With hospital budgets continually being squeezed, flexible equipment financing is an increasingly attractive option.
“You have hospital departments, radiology departments, that have older CT scanners or MRI scanners, that they know they need to upgrade since they’re eight to 10 years old, but they’re being told the capital budget will be going towards IT … and electronic health records, so you’re just going to have to make that CAT scan system work for another year or two,” said Stephen Jasiukiewicz, vice president healthcare sales, Key Equipment Finance. “And so, leasing or financing tends to be a flexible way to battle that budget issue.”
There are a number of benefits to going the flexible equipment financing route, said Richard Gundling, vice president, healthcare financial practices of the Healthcare Financial Management Association.
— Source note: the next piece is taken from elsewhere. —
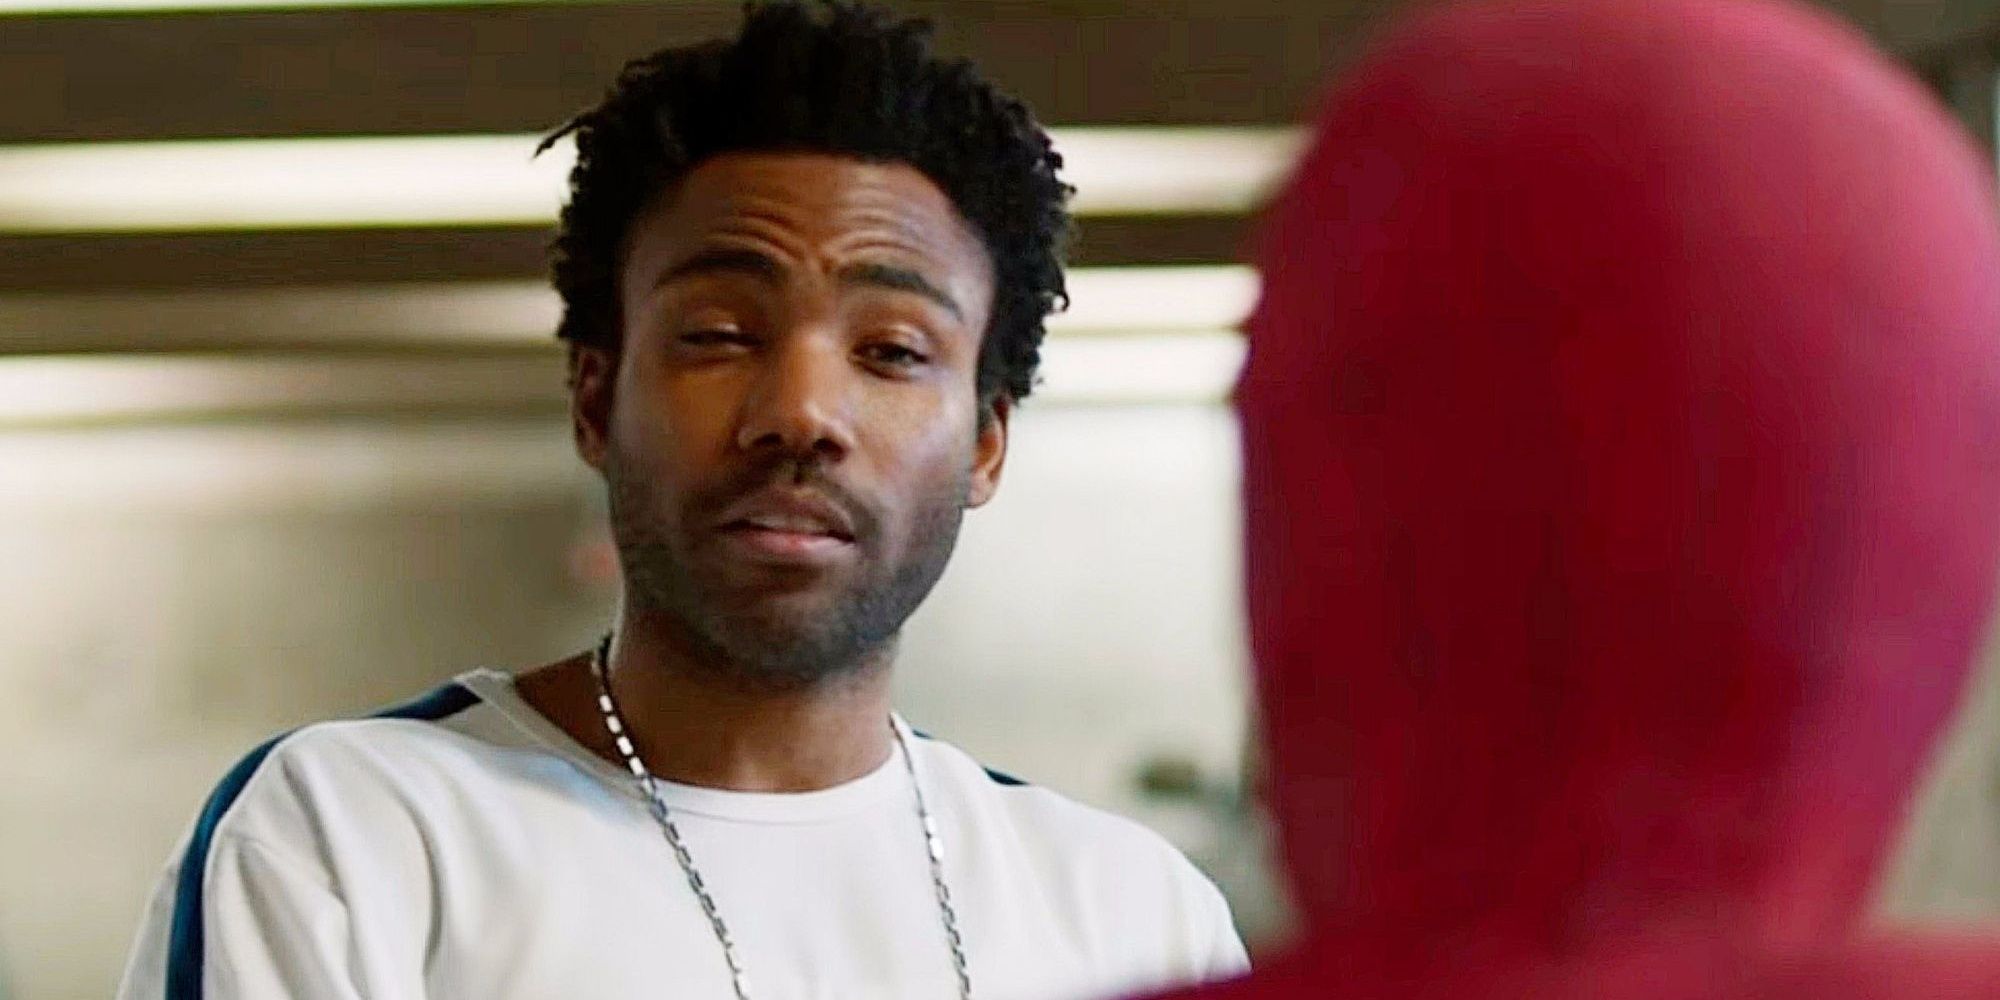 Donald Glover in 'Spider-Man: Homecoming' during the weapons deal interrogation

“As part of any healthcare organization’s strategic and capital planning process, flexible equipment financing is factored into the decision-making equation,” Gundling said. “Some of the benefits include limited or no cash up front, quicker access to up-to-date equipment/technology, and cash flow management – payments matching to revenue.”
Gundling said flexible equipment financing is most attractive when an organization needs immediate access to new equipment and technology, wants to conserve cash, eliminate risk of owning obsolete assets, wants to upgrade technology easily, and wants to manage their long-term costs (by spreading payments over several years).
“To remain viable, all organizations must make good investment decisions based on objective analysis,” said Gundling.